Get Permission Singhal, Singhal, Agrawal, Singhal, and Garg: A retrospective observational study on clinical & radiological profile of patients diagnosed with RT PCR confirmed influenza infection admitted in tertiary care centre


Introduction

Influenza is a serious respiratory illness that can be debilitating and cause complications that lead to hospitalization and death, especially in the elderly. Every year, the global burden of influenza epidemics is believed to be 3-5 million cases of severe illness and 300 000-500 000 deaths. The risk of serious illness and death is highest among persons older than 65 years, children younger than 2 years, and among individuals who have medical conditions that place them at increased risk of developing complications from influenza.1

The introduction of these viruses into human populations is responsible for periodic worldwide influenza pandemics. At the level of individual patients both influenza A and B viruses cause clinically indistinguishable disease.

H1N1 is also known as “swine flu” and it is a novel strain of Influenza A virus that evolved by genetic reassortment.2, 3 It leads to annual epidemics of varying severity. Pandemic of H1N1 first emerged in 2009 April, which was started in Mexico and soon expanded globally.4, 5 In India, the first case was identified on 2009 May 16, in Hyderabad.6

Influenza always had potential to cause widespread pandemics whenever a new type of Influenza strain appeared in the human population and then spread easily from person to person.2

Reports indicate that the majority of these cases involved young adults.

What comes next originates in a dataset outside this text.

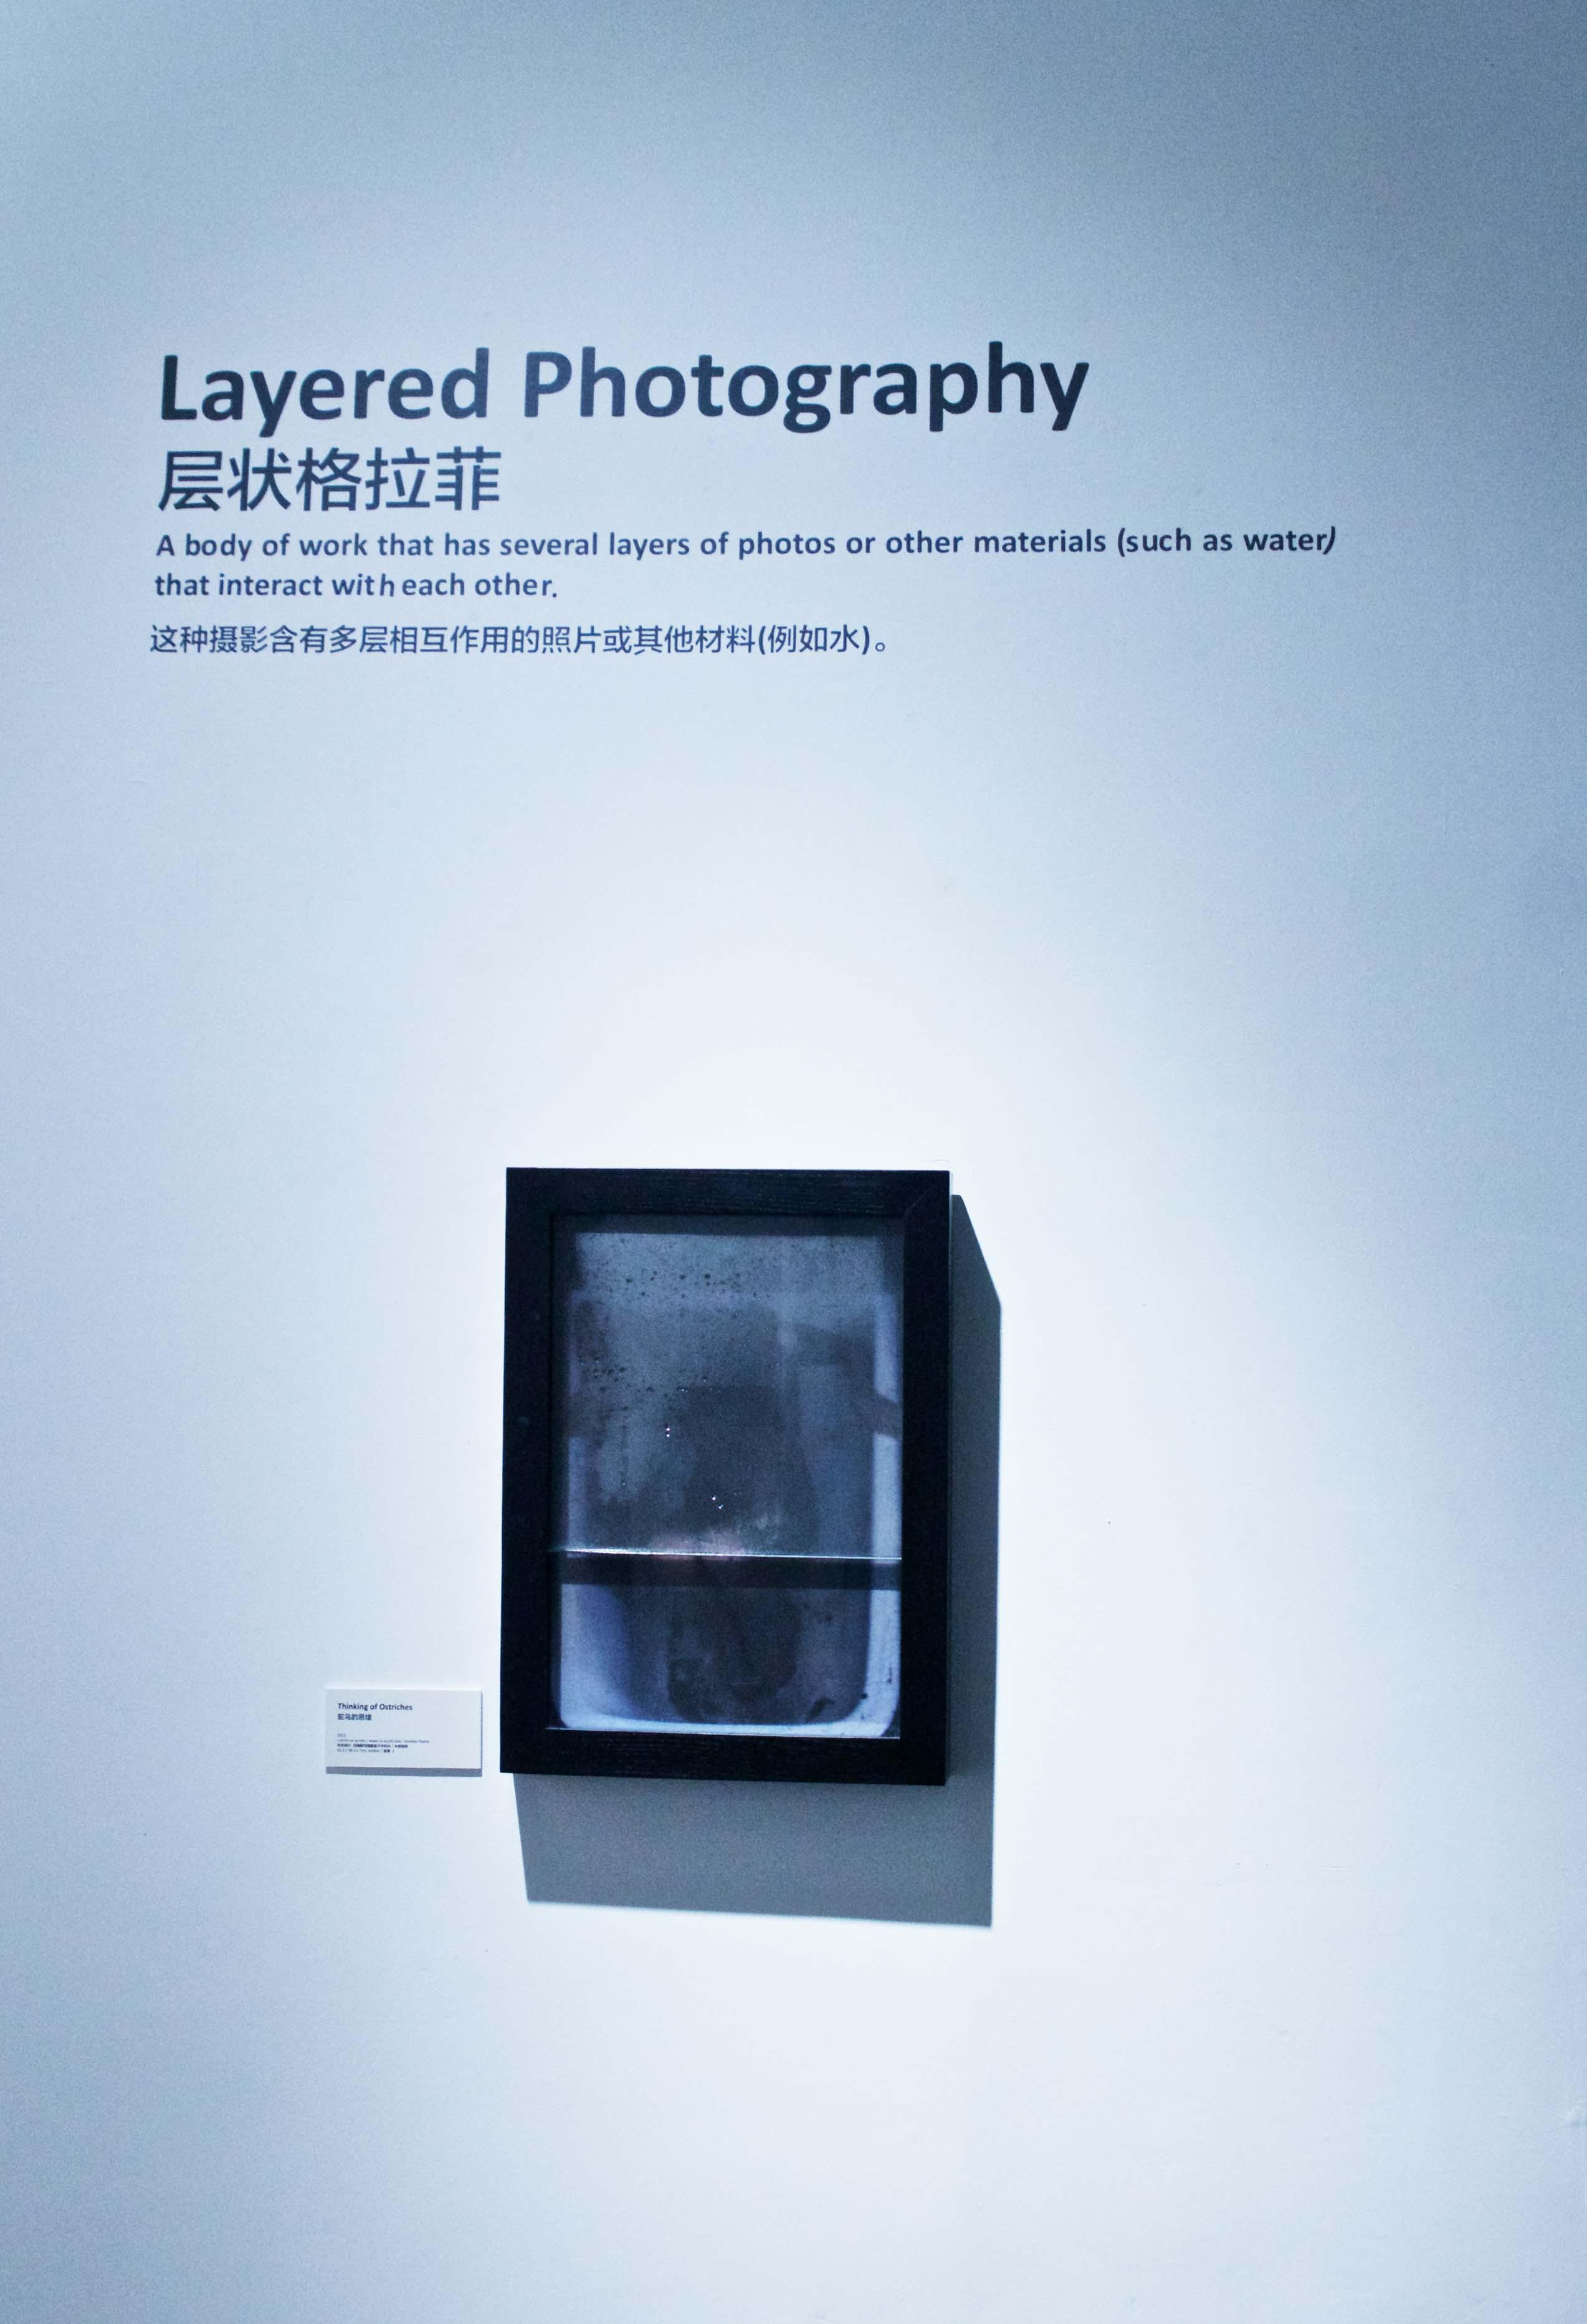 Zane Mellupe Solo Exhibition @ The Bund Art Museum, Shanghai 40

H1N1 Strain A/California/04/2009—was mainly responsible for this outbreak in India.3 WHO raised worldwide pandemic alert for swine flu on June 11, 2009, after first case in Mexico which was first of its kind in past 70 years.7 In India, index cases were reported from Pune (Maharashtra) in May 2009. Since then there is progressive increase in the number of swine flu cases all over the subcontinent. From May 2009 till February 28, 2010, samples from 128,627 persons were tested for 2009 pandemic H1N1 influenza across the country and 29,652 (23.05%) of them were found to be positive.8

Many patients needed ICU management and close monitoring in swine flu isolation ward. Clinical and radiological findings have been described in such patients in the past. However fewer studies have been published describing clinical and radiological correlation in confirmed patients with H1N1 influenza admitted. Hence we have conducted study that describes the clinical and radiographic findings in confirmed H1N1 influenza patients admitted to the intensive care unit (ICU), along with their correlation with outcome.

Aims and Objectives

  1. To evaluate clinical and radiological profile of the patients admitted with confirmed microbiological cases of Influenza infection.

  2. To examine the risk factors and prognosis of confirmed cases of influenza infection.

Materials and Methods

It is Retrospective Observational study in which a total number of 48 patients diagnosed with confirmed influenza infection by multiplex RT PCR admitted in Department of Respiratory Medicine Metro Hospitals, NOIDA from June 2019 to June 2021 were selected as the study population.

Inclusion Criteria

All patients with confirmed case of Influenza infection.

Exclusion Criteria

  1. Pregnancy

  2. Age < 18 years

The data obtained from hospital files was classified and refined. Relevant history, clinical manifestations , investigations (Radiological), requirement for ventilation, use of other supportive measures and outcome of all the cases were also recorded.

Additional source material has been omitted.